Search Pipeline Implementation

from typing import Optional
import numpy as np

class KhojSearchEngine:
    """
    Demonstrates Khoj's two-stage search architecture.

    Stage 1: Bi-encoder retrieval
    - Fast approximate nearest neighbor search
    - Retrieves top-K candidates from the full corpus
    - Uses sentence-transformers for embedding

    Stage 2: Cross-encoder re-ranking
    - Precise relevance scoring
    - Re-ranks the top-K candidates
    - Higher accuracy but slower (only applied to candidates)
    """

    def __init__(self, bi_encoder_model: str, cross_encoder_model: str):
        self.bi_encoder = bi_encoder_model
        self.cross_encoder = cross_encoder_model
        self.index = None

    def search(
        self,
        query: str,
        entries: list[dict],
        search_type: str = "asymmetric",
        top_k: int = 10,
        rerank_top_n: int = 5,
    ) -> list[dict]:
        """
        Execute a two-stage search.

        Args:
            query: Natural language search query
            entries: Indexed entries with embeddings
            search_type: 'symmetric' or 'asymmetric'
            top_k: Candidates from bi-encoder stage
            rerank_top_n: Final results after re-ranking
        """
        # Stage 1: Bi-encoder retrieval
        query_embedding = self._encode_query(query, search_type)
        candidates = self._retrieve_candidates(
            query_embedding, entries, top_k
        )

        # Stage 2: Cross-encoder re-ranking
        reranked = self._rerank_candidates(query, candidates)

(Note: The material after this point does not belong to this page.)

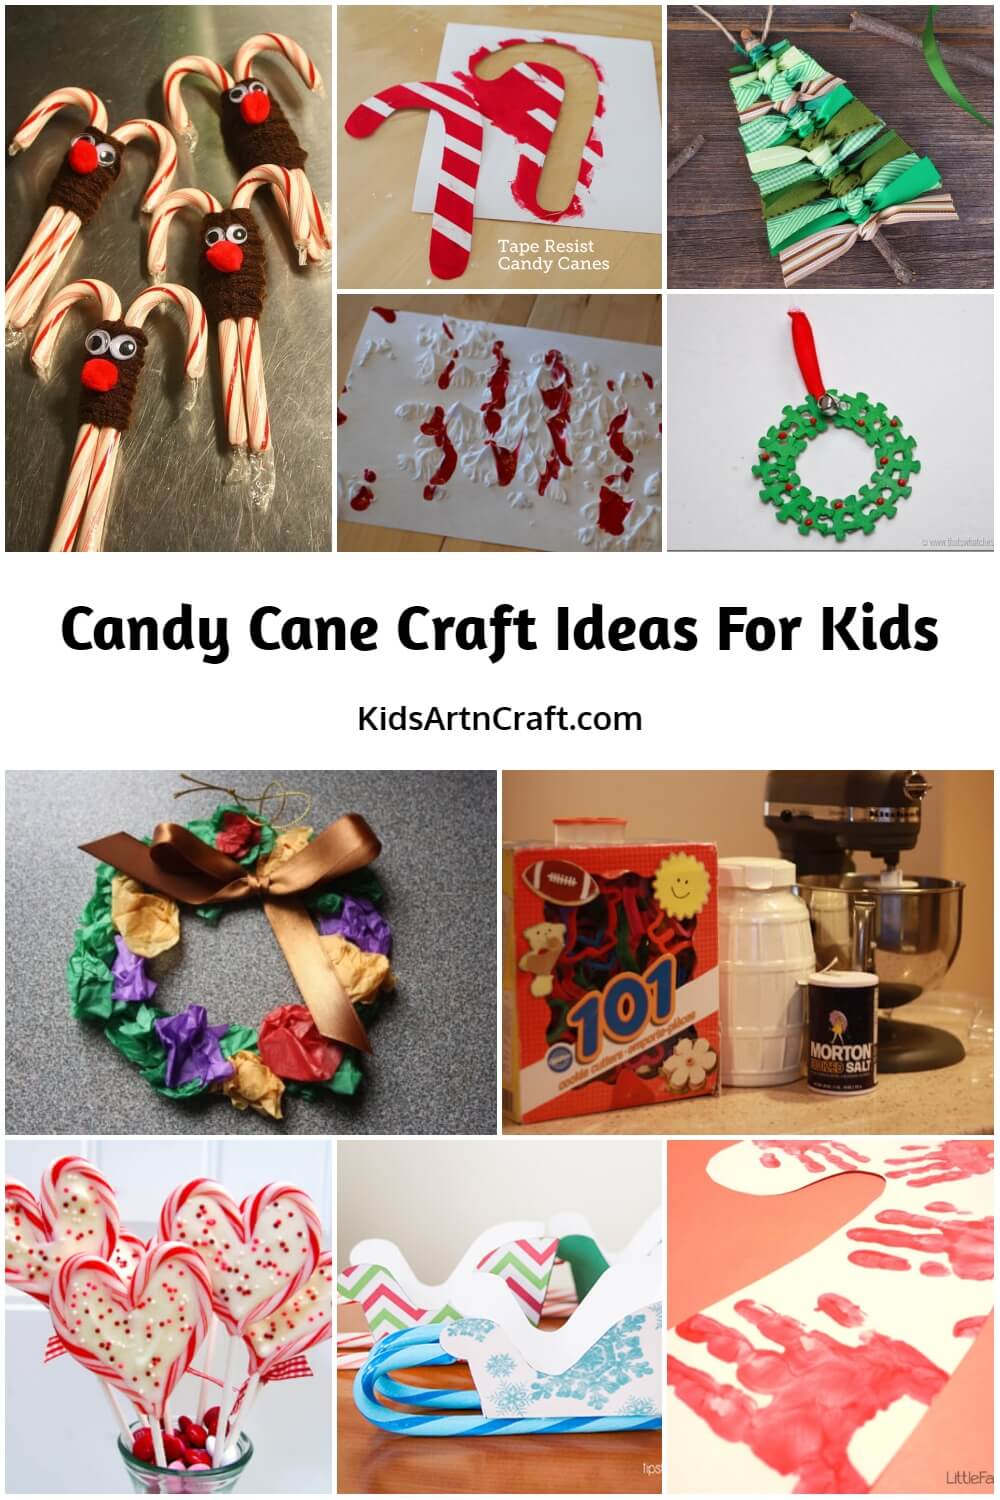 Candy Cane Craft Ideas For Kids

        # Return top-N after re-ranking
        return reranked[:rerank_top_n]

    def _encode_query(self, query: str, search_type: str) -> list[float]:
        """
        Encode query into embedding vector.

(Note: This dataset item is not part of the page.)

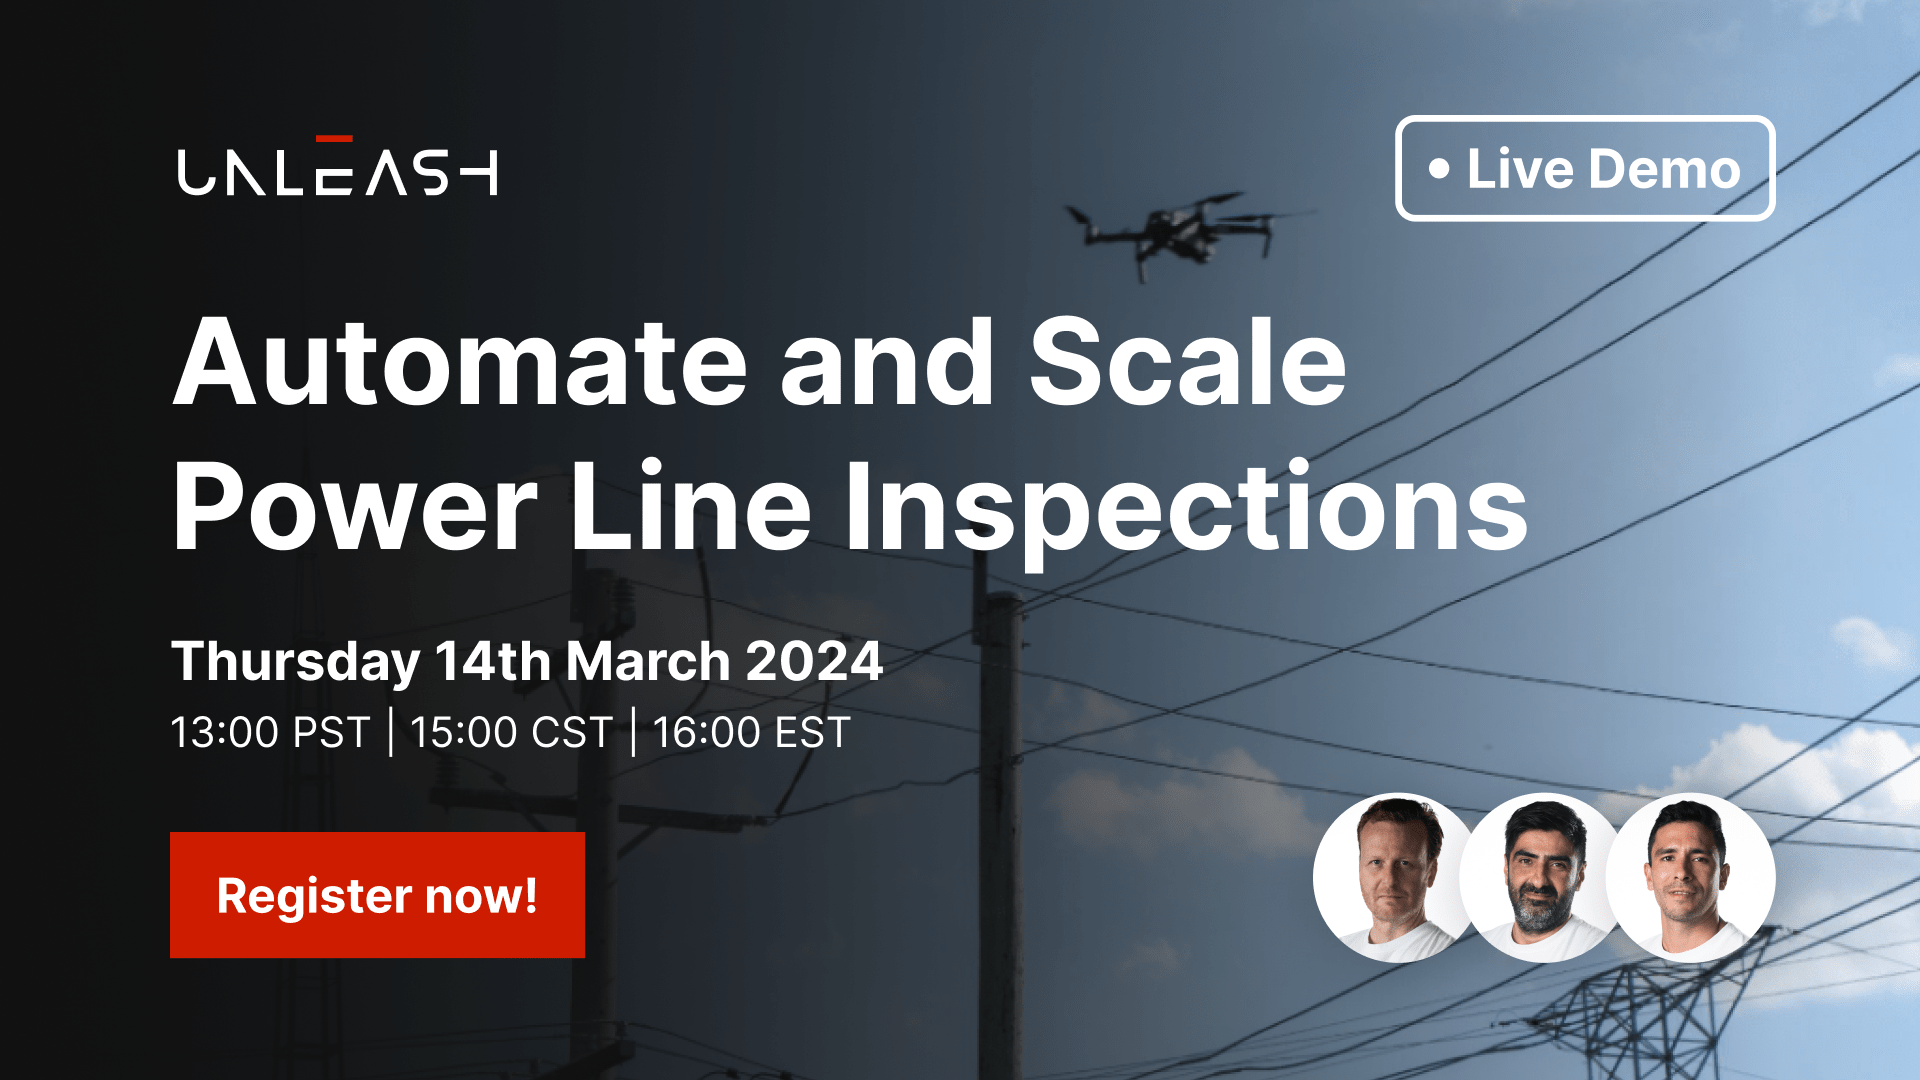 Webinar - Automate and Scale Power Line Inspections

        For asymmetric search (question -> passage matching):
            Uses a query-specific encoding
        For symmetric search (passage -> passage matching):
            Uses the same encoding as documents
        """
        if search_type == "asymmetric":
            # Prepend query instruction for asymmetric models
            formatted_query = f"Represent this query: {query}"
        else:
            formatted_query = query

        # In production, this calls the actual bi-encoder model
        # Returns a normalized embedding vector
        embedding = self._mock_encode(formatted_query)
        return embedding

    def _retrieve_candidates(
        self,
        query_embedding: list[float],
        entries: list[dict],
        top_k: int
    ) -> list[dict]:
        """Retrieve top-K candidates using cosine similarity."""
        scored_entries = []
        for entry in entries:
            score = self._cosine_similarity(
                query_embedding, entry["embeddings"]
            )
            scored_entries.append({**entry, "bi_encoder_score": score})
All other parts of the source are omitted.